> Dataset entries:
_ _ _ _

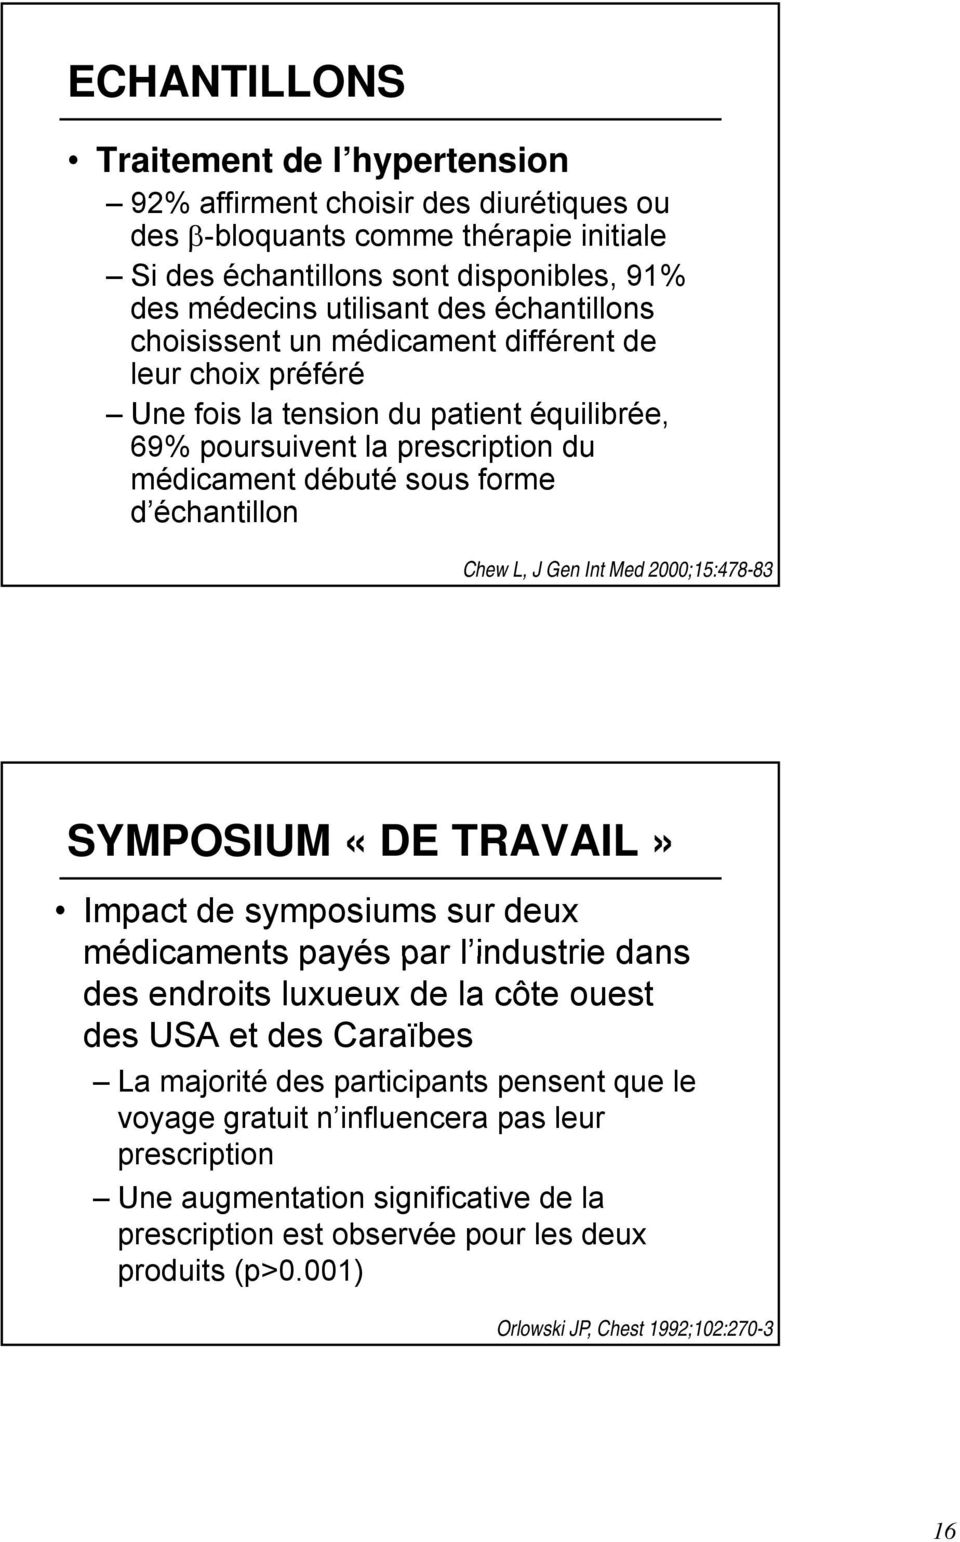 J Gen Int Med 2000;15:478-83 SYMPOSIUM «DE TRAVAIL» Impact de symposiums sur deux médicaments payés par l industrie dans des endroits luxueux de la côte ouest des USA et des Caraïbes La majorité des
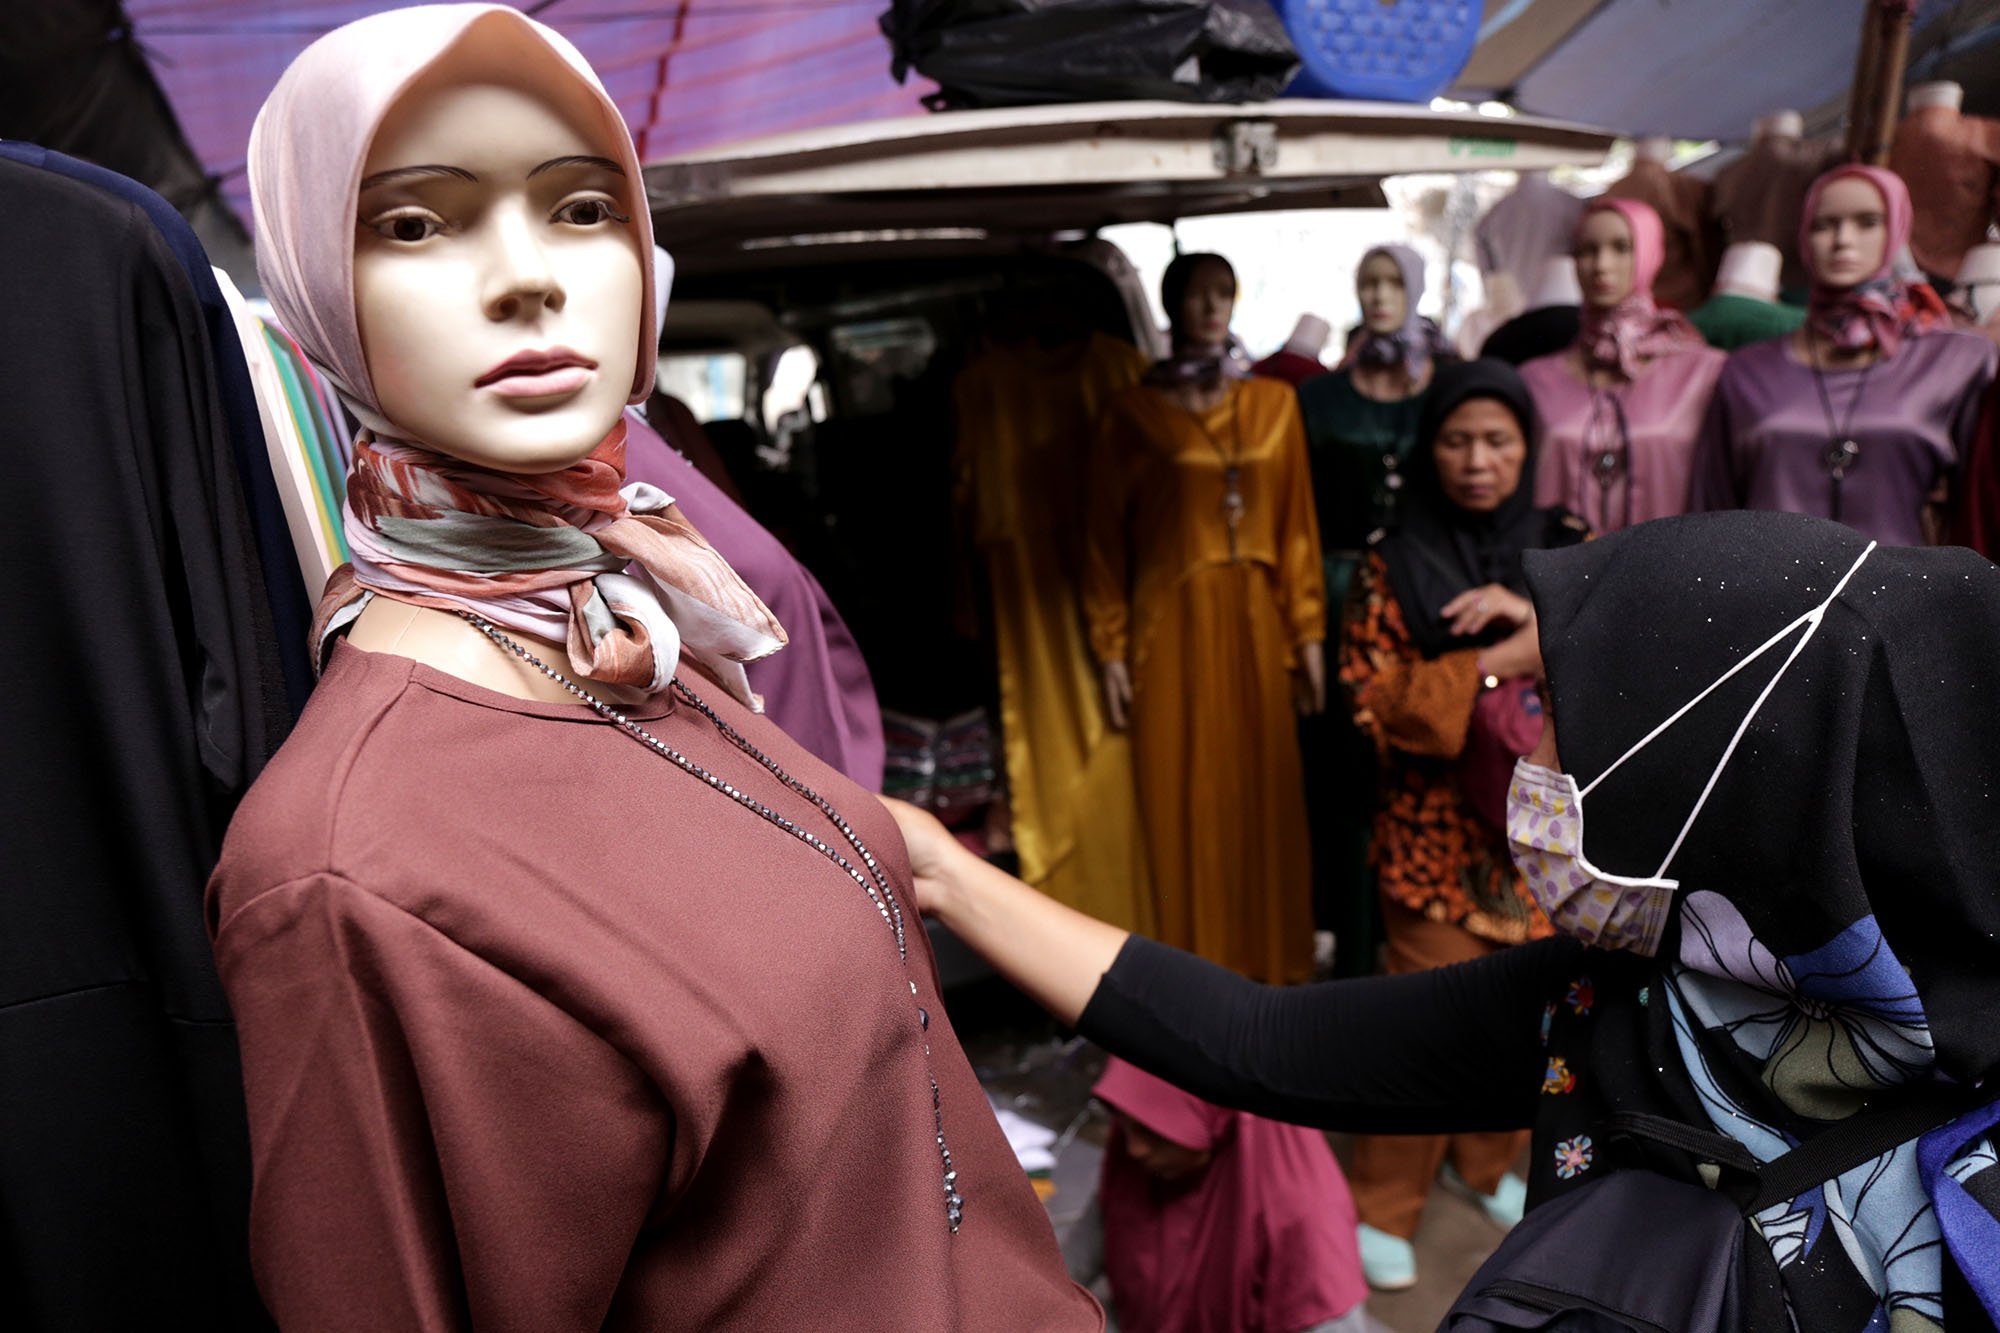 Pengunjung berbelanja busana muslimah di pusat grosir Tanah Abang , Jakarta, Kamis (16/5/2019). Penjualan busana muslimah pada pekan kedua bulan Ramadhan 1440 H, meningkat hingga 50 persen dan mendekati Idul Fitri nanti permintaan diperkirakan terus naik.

_ _ _ _

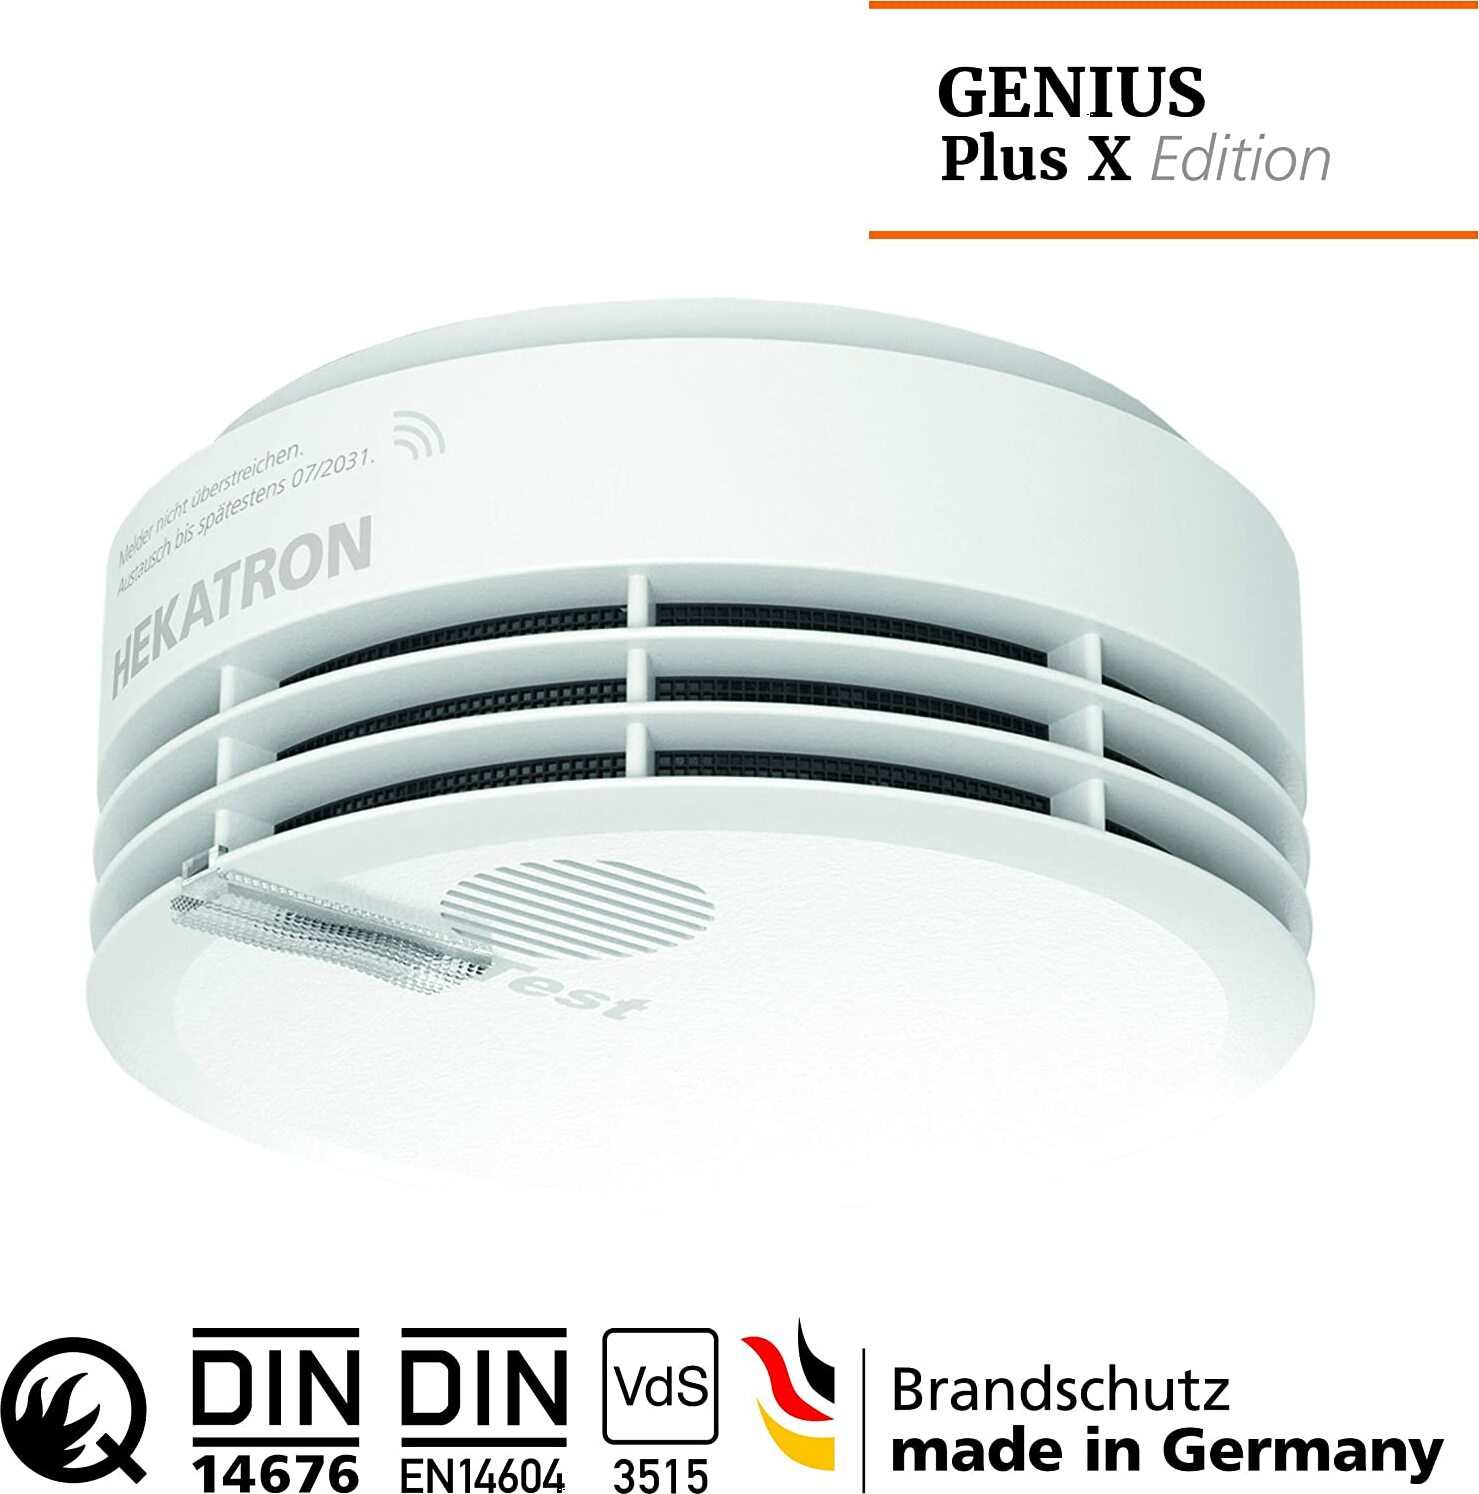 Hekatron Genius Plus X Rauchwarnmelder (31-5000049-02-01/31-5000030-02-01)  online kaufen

_ _ _ _

> The task:
Go back to the listing above and reproduce, exactly, the stretch from the line bearing "J Gen Int Med" through the line bearing "Pengunjung berbelanja busana", without its pictures.

> The completed task:
 J Gen Int Med 2000;15:478-83 SYMPOSIUM «DE TRAVAIL» Impact de symposiums sur deux médicaments payés par l industrie dans des endroits luxueux de la côte ouest des USA et des Caraïbes La majorité des
 Pengunjung berbelanja busana muslimah di pusat grosir Tanah Abang , Jakarta, Kamis (16/5/2019). Penjualan busana muslimah pada pekan kedua bulan Ramadhan 1440 H, meningkat hingga 50 persen dan mendekati Idul Fitri nanti permintaan diperkirakan terus naik.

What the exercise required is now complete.